JSTOR is a growing digital library of more than 2,000 academic journals, 8 million digitized articles, 2 million primary source documents, and an overall 46 million pages of content. College students and independent researchers worldwide rely on its archives to get their work done.
When JSTOR decided to expand its offerings to include 20,000 e-books, the business needed had to understand the academic e-book landscape and what researchers needed from e-books - fast. The e-book content needed to be integrated and surfaced in a way that would be optimally helpful for our users.
Below: Search results page, before and after.
I conducted research into what students needed from different content types, worked with product managers to synthesize requirements, and put together designs that successfully integrated all of JSTOR's diverse content into one search platform.
The JSTOR platform had always served other types of content, such as articles, that were fundamentally different, so we needed to round out our understanding of how students do research. Because e-books have different kinds of content, are structured differently, and are used for research differently, our users had different workflows and thus different feature requirements that would be connected in different ways.
First, understand the user. How do e-books fit into their overall research patterns? To answer this, I conducted research interviews contextual inquiry with 7 students to understand their current e-book usage, going to their usual work spots (graduate student corrals, offices, and the library) to observe as they worked.
I communicated findings through several channels, tailoring to my audience (reports for those who like to read, presentations for those who like to listen, and synthesis posters to provide an actionable summary. This is is a hybrid journey map / mental model for Cynthia, JSTOR's graduate student persona. Here, I show her overall research workflow for books, and how specific features and metadata could serve those needs. This kind of information helped the product manager to weigh and prioritize features throughout the build.
Next, understand and anticipate the user's problems. Scholarly e-books very new at the time, and very few platforms were working with it as a content type, so I conducted usability testing with 9 undergraduate and graduate students on an existing e-book platform to see what problems we could anticipate within the context of scholarly research. Below is a sample finding.
As a result of this study, we decided to give students tools to evaluate the book's quality and relevance from search results (is it from a good publisher? good author? does it cover the right topics?). Design recommendations to address this included easy-to-access metadata, book previews and visual indicators for which chapters their search terms are in.
Another problem that came up: only a specific number of e-books can be in use at a given time. My research showed thatstudents often have projects on similar topics at similar times (the Medieval History final paper, for example). If someone doesn't end up needing the book, better to let them find out sooner rather than going through the workflow and also tying up a resource that someone else could use. Below: Some recommendations to address this.
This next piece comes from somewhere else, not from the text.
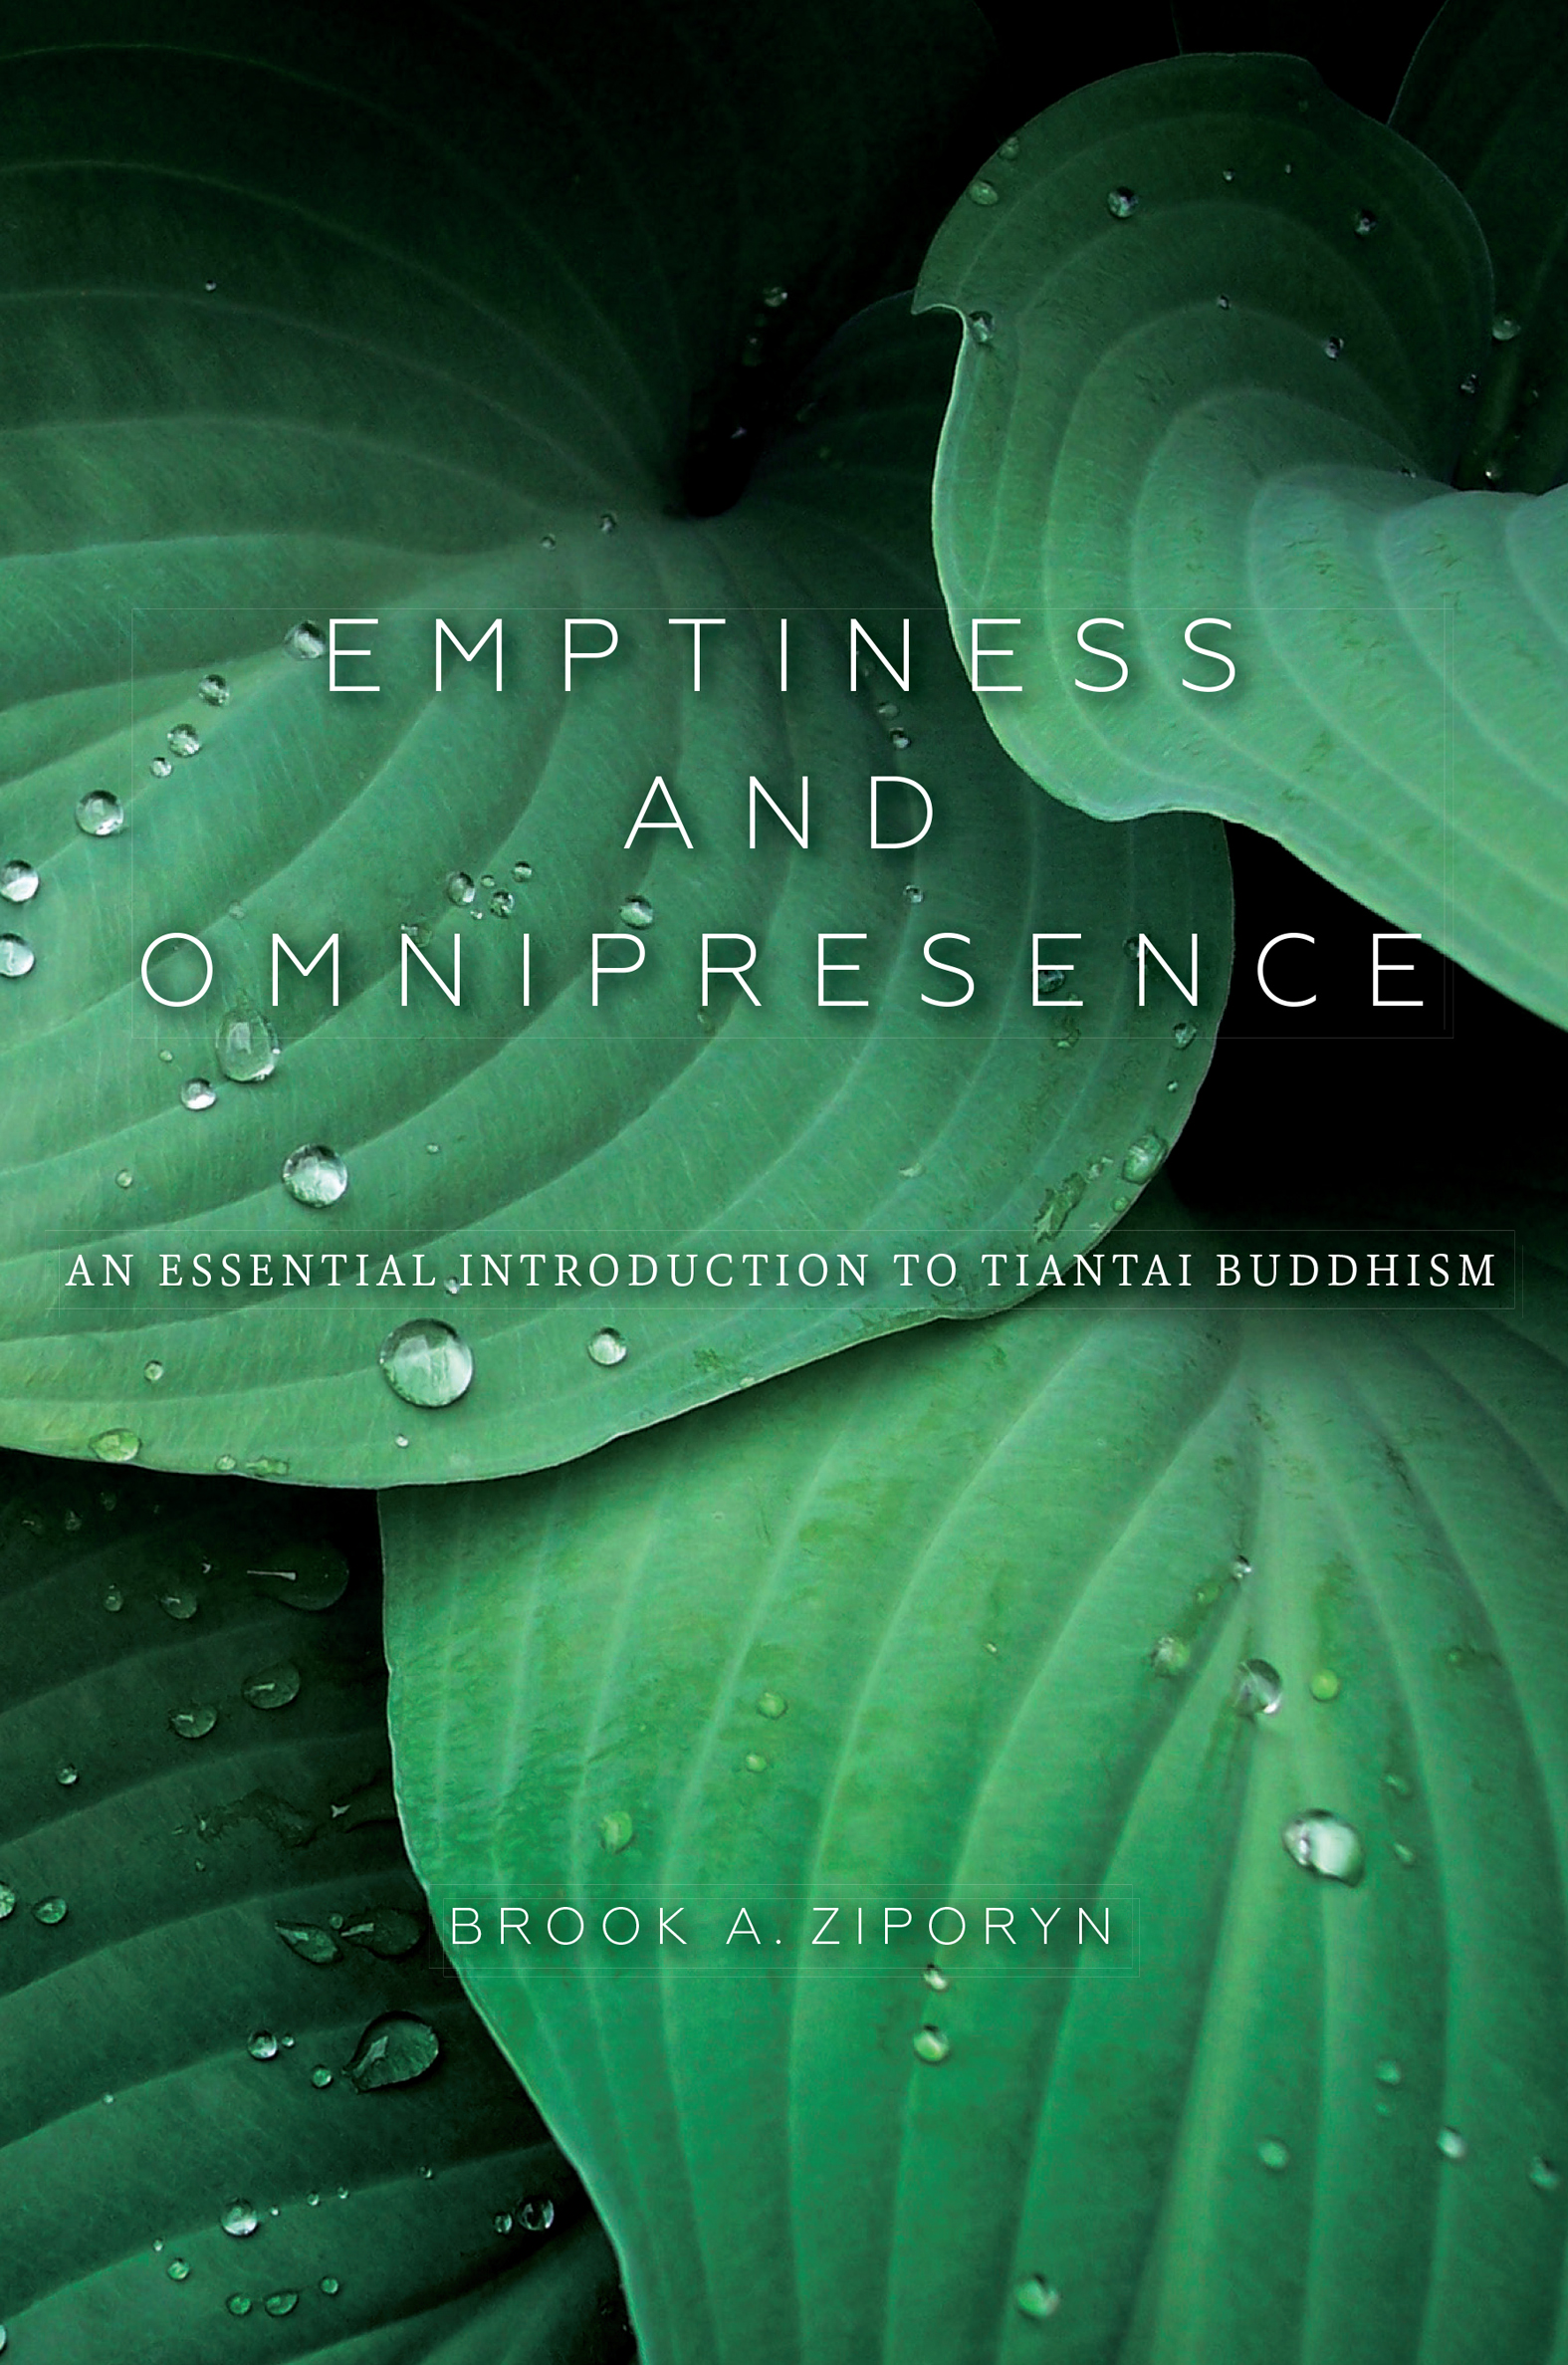 ISBN 9780253021205 product image for Emptiness and Omnipresence | upcitemdb.com

Below is a screenshot of a JSTOR eBook in the wild. This book is open access and can be explored here: https://www.jstor.org/stable/j.ctt24h7w1
Another problem the research surfaced was the search filtering experience. Searching is at the core of JSTOR's platform, connecting users to those millions and millions of resources. If they can't find something, they can't use it.
We found that e-book search presented unique difficulties to JSTOR's algorithm. For example, a keyword might show up 15 times in a 200-page e-book, but 10 times in a 20-page journal article; the difference in hit density means that e-books would quite often be buried in the search results. We tweaked the algorithm to account for this, and I also took a first pass at the filtering design, trying to find ways to help users easily switch content types and also understand when they may be missingout.
The project also had technical constraints. For example, JSTOR's architecture didn't allow performance-friendly dynamic filtering. I settled on a design that allowed students to work with their filters and then submit all their changes as a single query, which is how it works today.